Sia S3 Integration: IPFS

Creating a Public IPFS Gateway Backed By Sia

Skunk_Ink
The Sia Blog

--

IPFS is a distributed file system that allows users to store and share files in a decentralized manner. It is an excellent tool for sharing data but requires running a node on your computer to access the network and transfer data between peers. In order to make IPFS more accessible on the web, companies and individuals set up public IPFS gateways. These gateways allow users to access and download IPFS files through a centralized web server using standard HTTP requests. This article walks through the process of first setting up an IPFS node using Sia as the backend data store through renterd and then exposing the node as a public gateway.

Sia is a decentralized storage network that allows users to store and retrieve data on the Sia network. The renterd software enables securely storing and retrieving data on the Sia network by forming contracts with storage providers worldwide. When using renterd, data is erasure-coded and distributed across geographically diverse nodes. Erasure-coding allows data to be reconstructed from a subset of the total data. This means that even if some nodes go down or become unavailable, the data can still be reconstructed. By default, renterd uses 10-of-30 erasure coding. This means the data can be reconstructed from any 10 of the 30 nodes.

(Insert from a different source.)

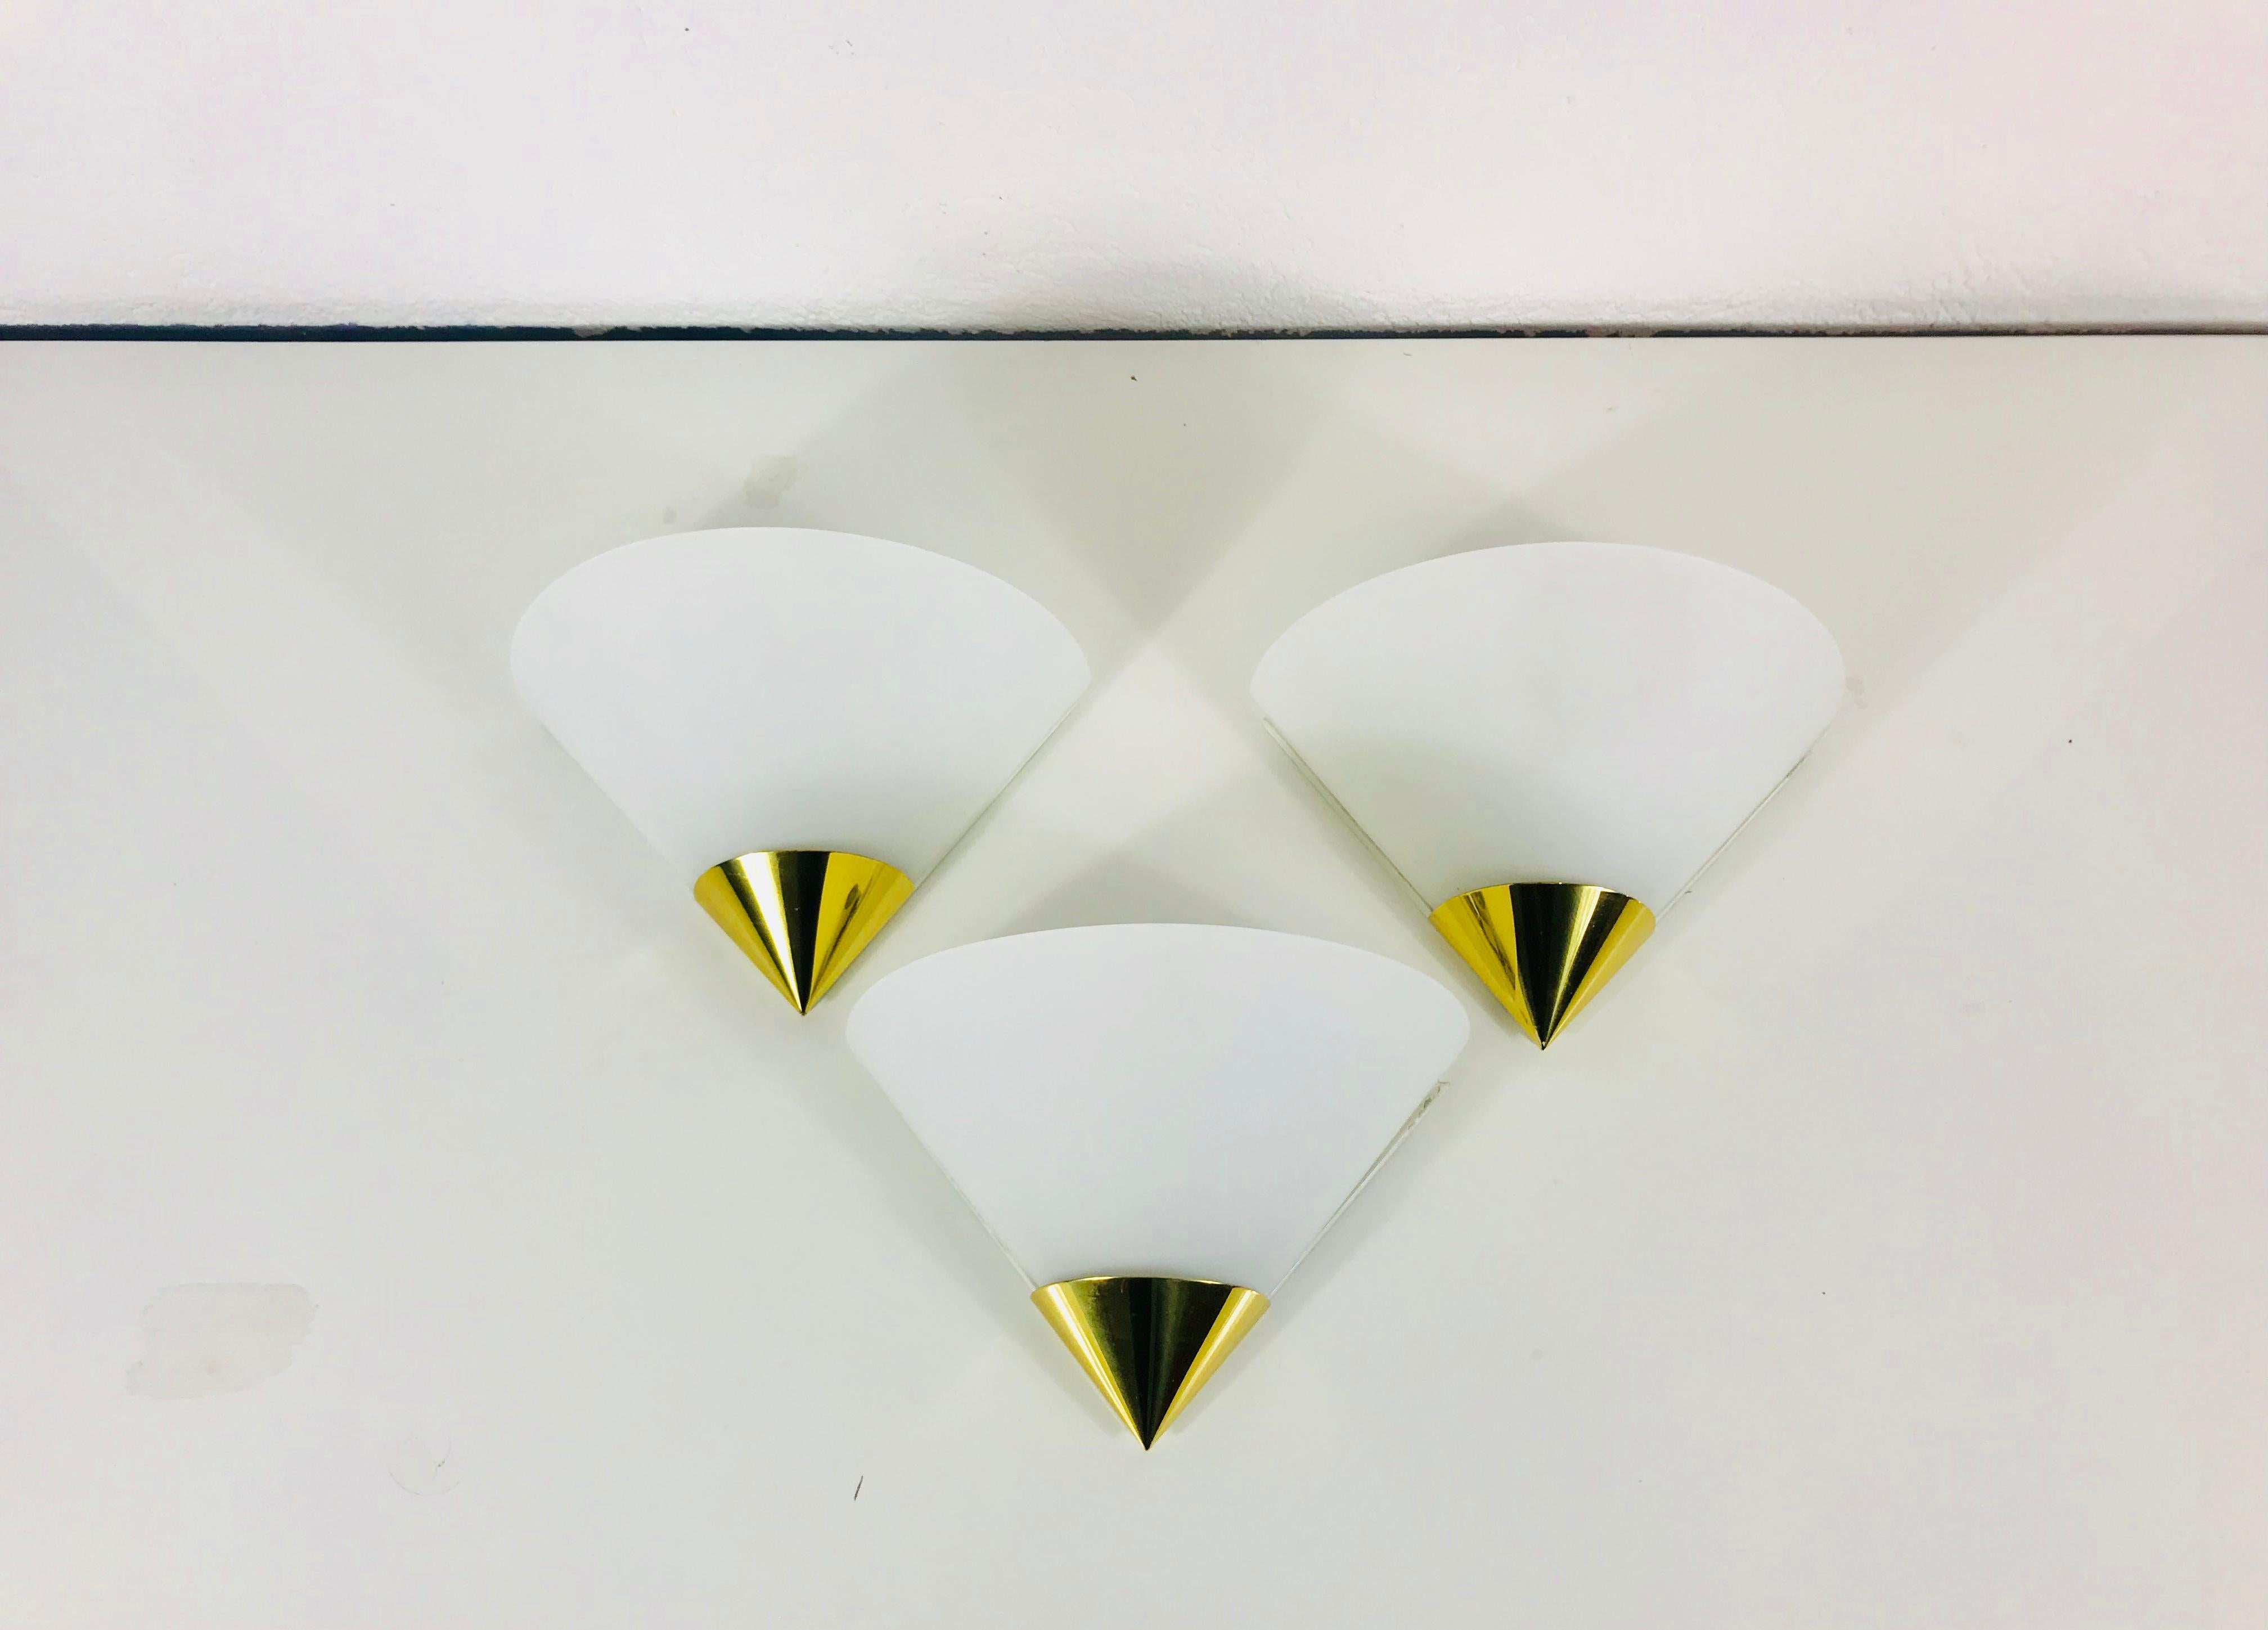 Ein schöner Satz von 3 Mid-Century Modern Wandlampen von Glashütte Limburg, hergestellt in Deutschland in den 1970er Jahren. Sie haben eine schöne Dreiecksform und sind aus Messing und Opalglas gefertigt. Die Rückseite ist aus Metall.

Die Leuchte

I have little experience with IPFS outside Brave’s built-in IPFS node. This article is both a basic guide and a learning experience for me. There is very little chance it is optimized and a very high chance it is incorrect in some places. There are much better options, but I took what appeared to be the most common path for new IPFS users and used Kubo as the base for the gateway.

tl;dr:

Armed with my limited knowledge of IPFS, the plan is to use Kubo and connect it to the renterd S3 gateway as the data store. As an extra bonus assignment, I’ll make the IPFS node available publically with a pretty domain name by putting Caddy in front as a reverse proxy.

Things We’ll Use

Things We’ll Need For IPFS

  • renterd — Sia’s new renting software. Enables users to store and retrieve data on the Sia network by forming contracts with storage providers and repairing data. It’s a bit complex at the moment, but it’s getting better every day.
  • Kubo — The original IPFS gateway. Kubo is written in Go and is a great starting point for building your own gateway. There are better and more involved methods, but we’re going to stick to the easiest one for the sake of this article.
  • go-s3-ds — A plugin for Kubo that allows storing IPFS data in an S3-compatible data store. This is the key to making this all work. Kubo is a great starting point, but it doesn’t support Sia out of the box. Luckily, renterd comes with an S3-compatible API that we can use.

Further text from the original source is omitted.